May 2, 2023 | Read Time: 5  minutes

Resource-strapped hospice leaders are looking for tools that alleviate clinician burnout by streamlining workflows and building additional point-of-care functionality. Slow vendor development on this front has led to an overall decline in customer satisfaction. This report dives into how well hospice vendors meet provider organizations’ needs, including delivery of value, development progress, and support for when patients go through a transition of care.

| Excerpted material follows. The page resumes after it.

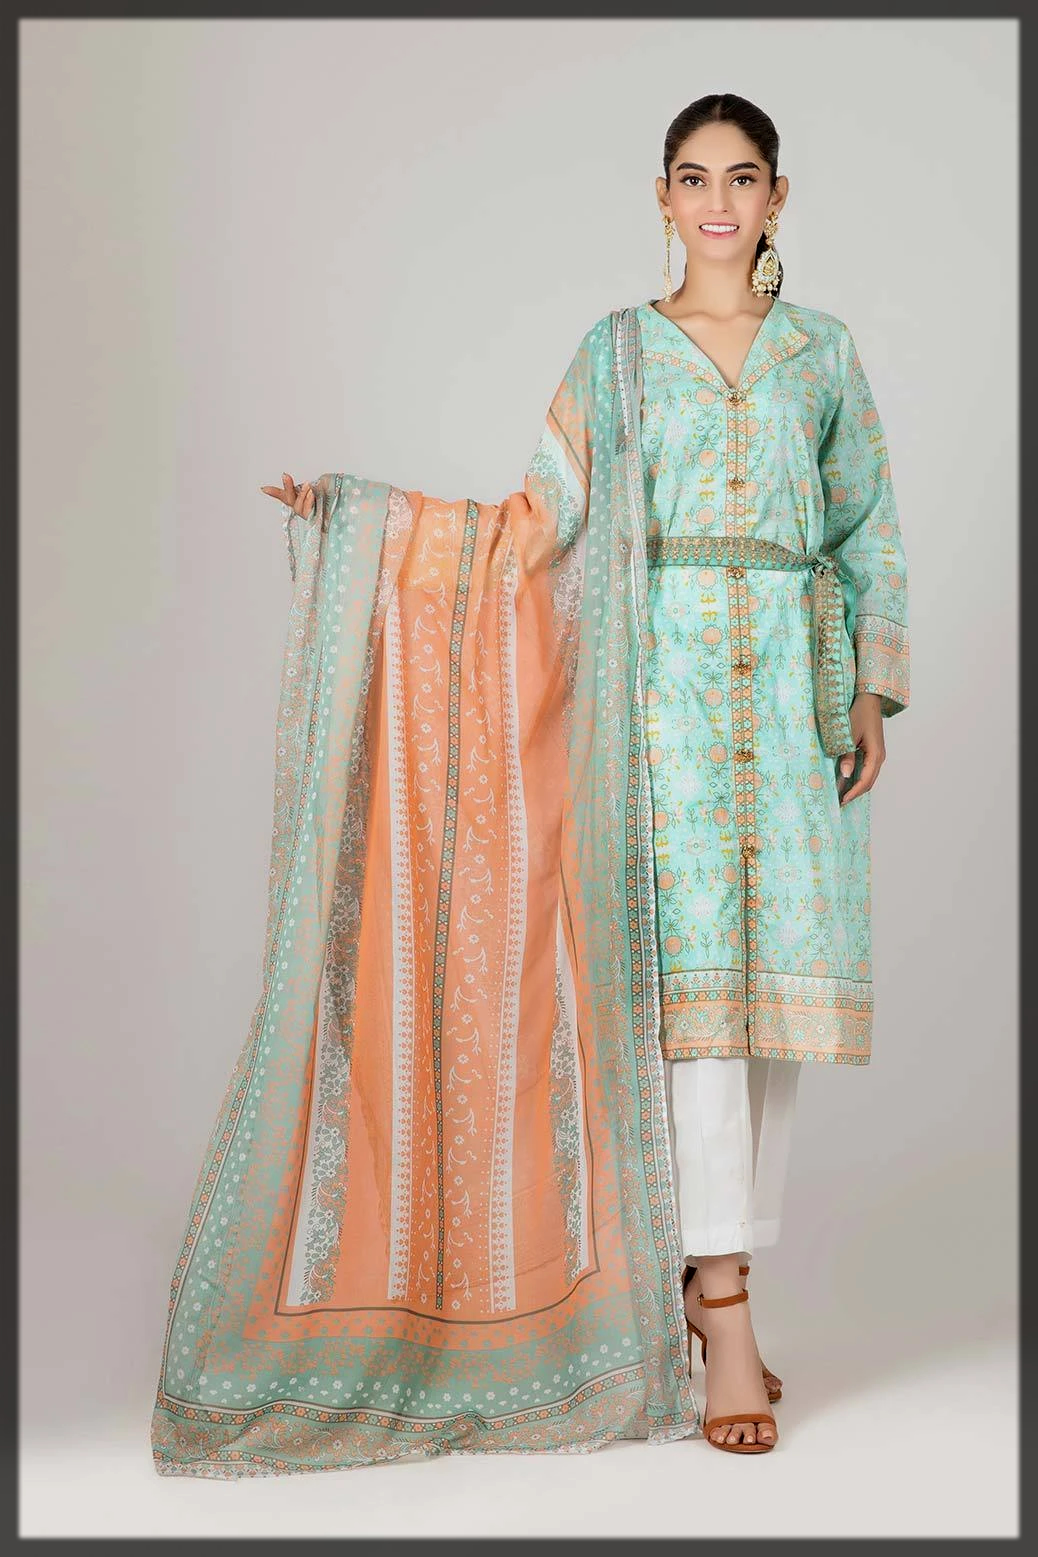 luxury lawn dress for women with chiffon dupatta
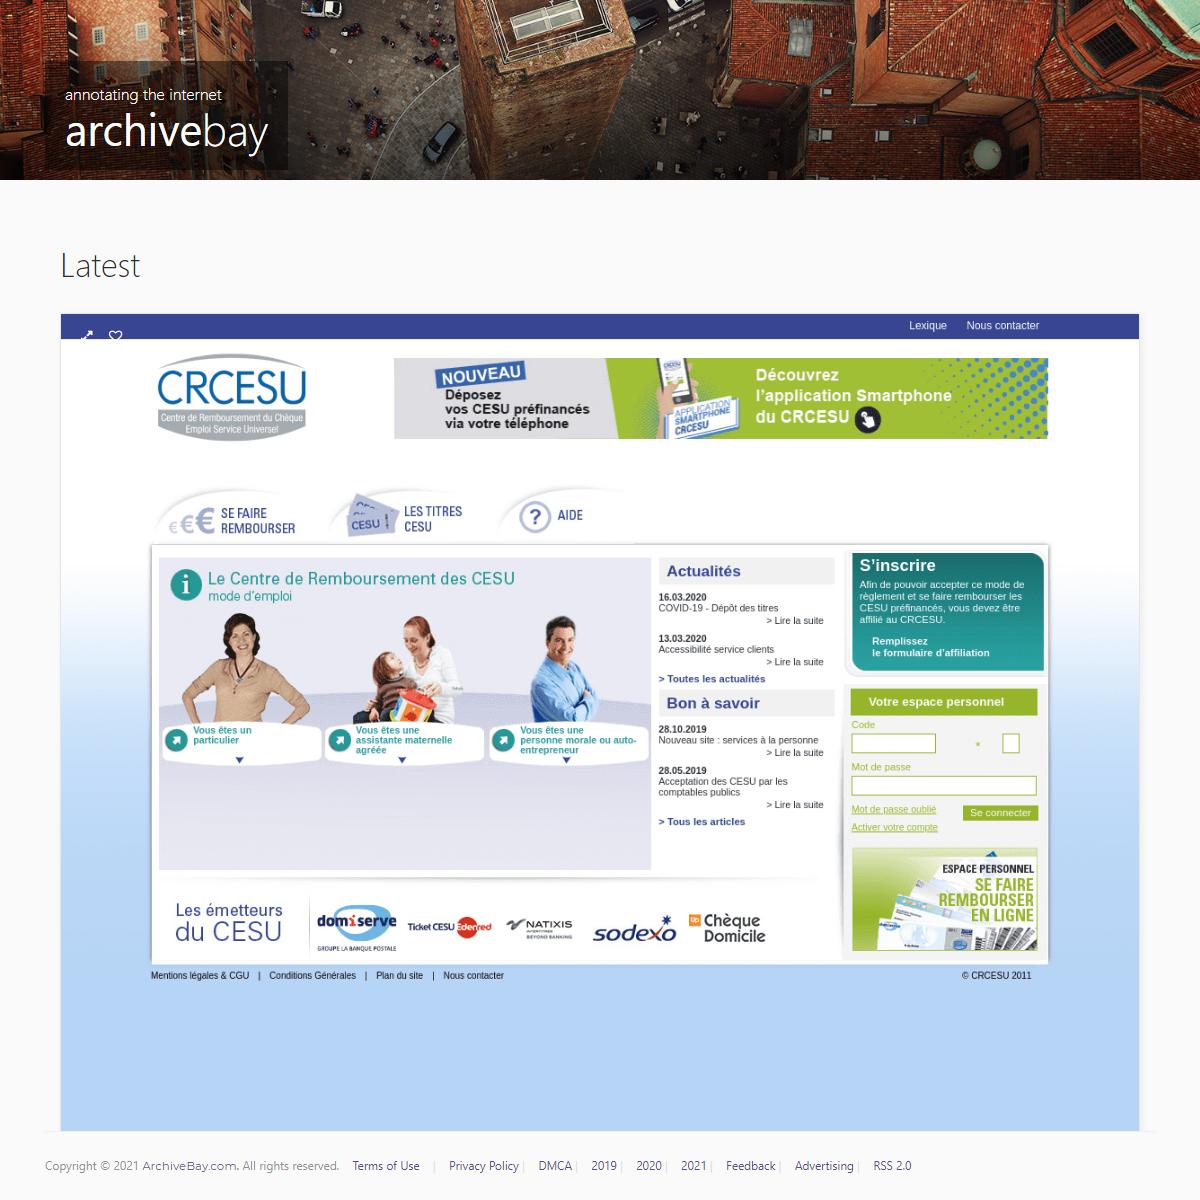 CRCESU centre de remboursement du CESU

MatrixCare, WellSky Hospice & Palliative Best Supporting Independent Hospice; Epic Meeting Health System–Owned Hospice Needs

overview of hospice vendors

Netsmart and Homecare Homebase Development Misaligned with Clinician Goals

meets hospice needs vs delivery of new technology

Hospice organizations rarely feel like their vendor truly understands hospice-specific workflows, impacting both how clinicians operate in the system and how billing works. Across vendors, customers want more hospice-specific functionality. Netsmart and Homecare Homebase customers report little engagement from vendor leadership around hospice; this results in needed functionality not being prioritized, while maintenance updates also fall below client expectations. Interviewed Netsmart customers highlight missing third-party integrations (e.g., wound care, referral management, at-home monitoring devices), which hinders collaboration among interdisciplinary care teams. Homecare Homebase customers want more developments outside of just regulatory needs. While they also want further enhancements, WellSky Hospice & Palliative (Consolo) users appreciate that the system was built specifically for hospice and better aligns with their needs, unlike others in the market that organizations describe as built primarily for home health.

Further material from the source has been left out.